Define schema for zarr pyramids

manzt commented 4 years ago

Description

To my knowledge, it is quite open-ended how people create zarr array pyramids. I've currently used the following schema, where each array is a found in the pyramid group.

.
└── dataset.zarr/
    ├── .zgroup
    └── pyramid/
        ├── .zgroup
        ├── 00/
        │   ├── .zarray
        │   ├── 0.0.0
        │   ├── 0.0.1
        │   └── ...etc
        ├── 01/
        │   ├── .zarray
        │   ├── 0.0.0
        │   └── ...etc
        └── 02/
            ├── .zarray
            ├── 0.0.0
            └── ...etc

But others may store their pyramids in different zarr arrays all together.

.
├── dataset00.zarr/
│   └── .zarray
│       ├── 0.0.0
│       ├── 0.0.1
│       └── ...etc
├── dataset01.zarr/
│   └── .zarray
│       ├── 0.0.0
│       └── ...etc
└── dataset02.zarr/
    └── .zarray
        ├── 0.0.0
        └── ...etc

I don't think much focus has gone into standardizing this because many people tiling with zarr are using napari, and that library affords flexibility by requiring users to load dask arrays into a list first. For each example above, we could load the same thing into napari with:

import napari
import dask.array as da

pyramid = [
    da.from_zarr("dataset.zarr", component=f"pyramid/{str(i).zfill(2)}")
    for i in range(3)
]

# or

pyramid = [
    da.from_zarr(f"dataset{str(i).zfill(2)}.zarr")
    for i in range(3)
]

viewer = napari.Viewer()
viewer.add_image(pyramid, is_pyramid=true)

As long as viewer.add_image gets a list of ndarrays, napari knows what to do. We likely can't be as flexible as this, so I would like to iron out some type of standard for creating these arrays. Ultimately in viv we have a very similar pattern because connections for the zarr loader are just an array of zarr objects.

Proposal

In viv, we should make the nested format from above the default. This way we can create pyramids and keep them all in the same named directory. Also, if a dataset has more than a pyramid (i.e. IMS + MxIF) we could create different groups which house these data within the zarr store, keeping together data modalities which will be visualized together.

.
└── dataset.zarr/
    ├── .zgroup
    └── pyramid/
        ├── .zgroup
        ├── 00/
        │   └── .zarray
        ├── 01/
        │   └── .zarray
        └── 02/
            └── .zarray

Metadata

The metadata for the pyramid should be contained in the .zattrs of the 00/ array. This is a JSON file and should have the required fields:

max_level # number of total pyramid levels (zero indexed)
channel_names
dimension_names # last two dimensions should be y, x but might have time, channel, etc...

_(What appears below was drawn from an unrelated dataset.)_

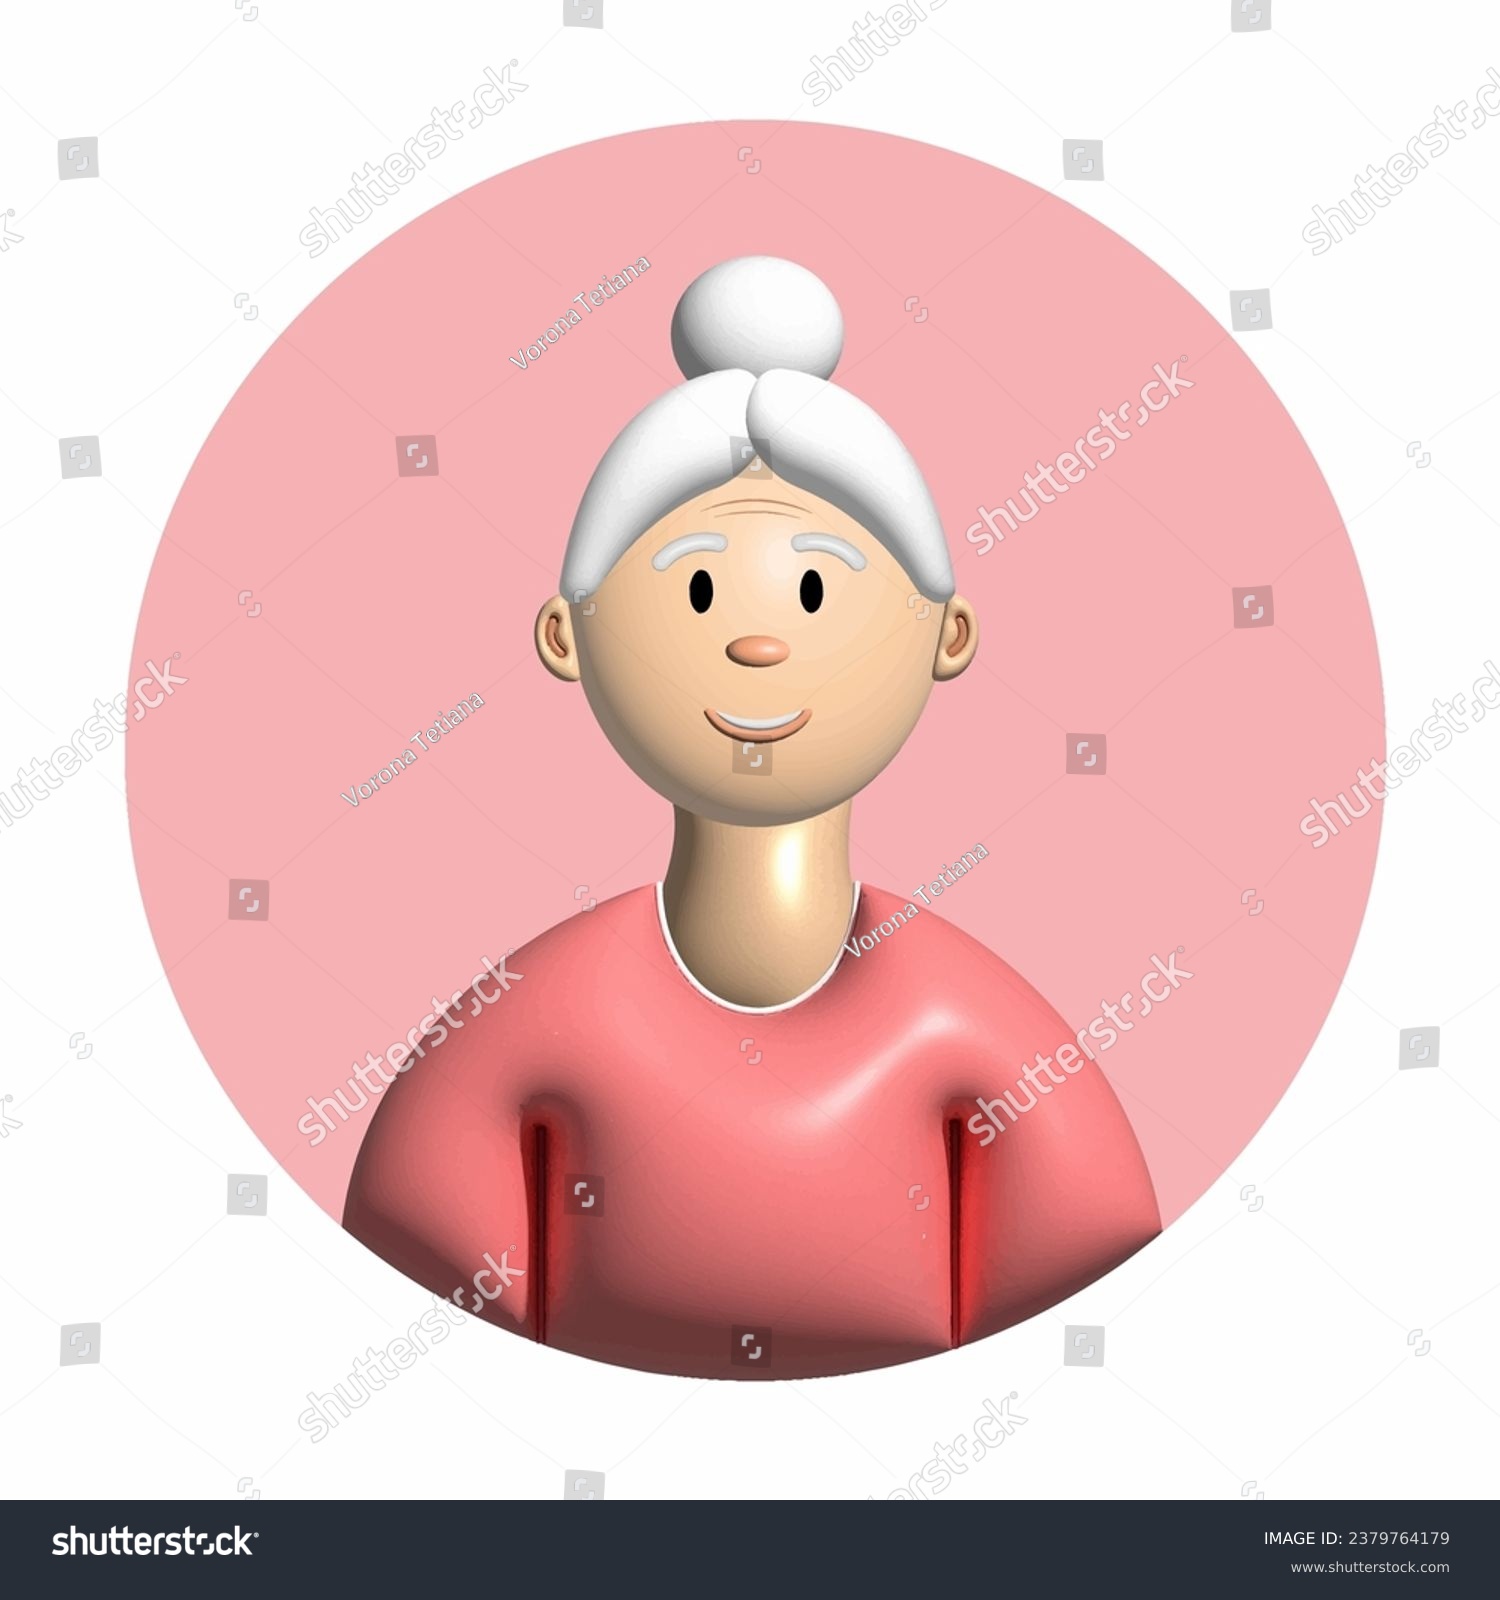 SVG of 3D avatar of a gray-haired elderly woman on a pink round background. Grandmother, woman of advanced years, old woman, persioner svg
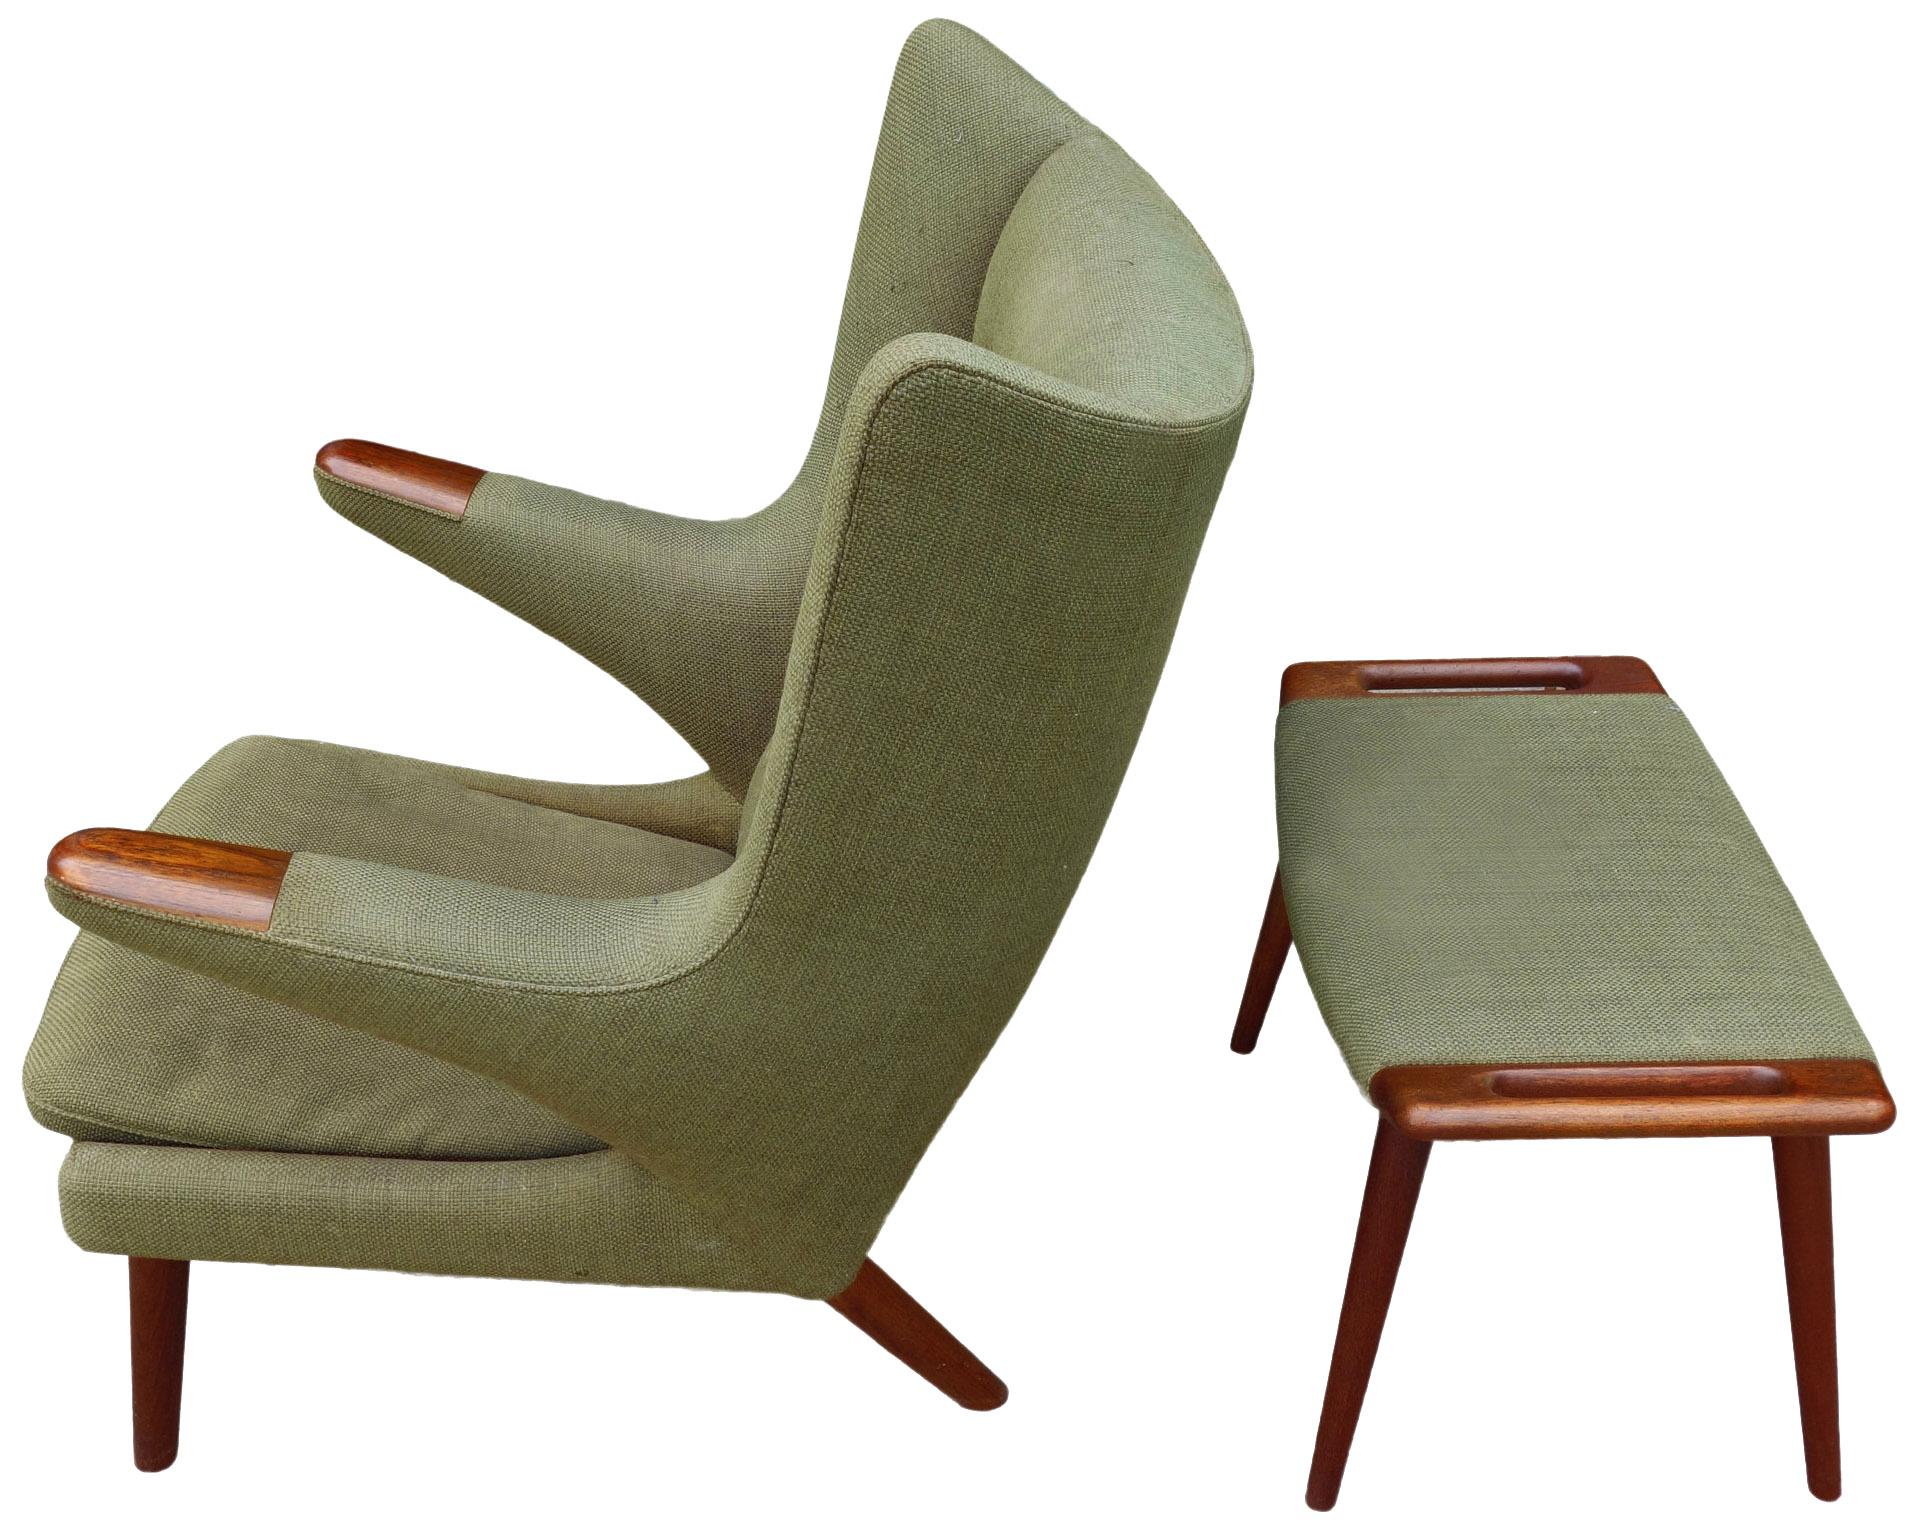 For your consideration is the most comfortable and recognizable lounge chair in Danish design. This Mid-Century icon is in original condition featuring teak accents with amazing patina. The chair and ottoman are incredibly strong and sturdy with the

Providing the max_level will let us know how many connections to establish for the viewer. We should determine imageHeight, imageWidth, and tileSize all from the zarr array chunks and shape data.

Additional flexibility

In case any of the metadata are missing or someone has a more bespoke zarr schema, we should allow an config object to manually set these parameters:

const config = {
    "pyramid": [
       "http://some-long-url/dataset00.zarr",
       "http://some-long-url/dataset01.zarr",
       "http://some-long-url/dataset02.zarr",
        // Each url should point to endpoint with .zarray file
        // We can write checks to make sure that arrays are decreasing in size (napari does this)
        // max_level is now implicit with number of elements in array
    ],
    "metadata": {
        "channel_names": [
            "channel0", 
            "channel1",
            "channel2",
            "channel3",
            "channel4", 
            // Throw an error if cnames don't match up with num dims
        ],
        "dimension_names": [
            "time",
            "channel",
            "y", 
            "x",
            // We'll throw an error of last to aren't y, x
           // or num dims doesn't match underlying arrays
        ]
    }
}

mccalluc commented 4 years ago

Also, if a dataset has more than a pyramid (i.e. IMS + MxIF) we could create different groups which house these data within the zarr store

Is this in the example below? Would there be pyramid-ims and pyramid-mxif, or do you mean something else?

max_level # number of total pyramid levels (zero indexed)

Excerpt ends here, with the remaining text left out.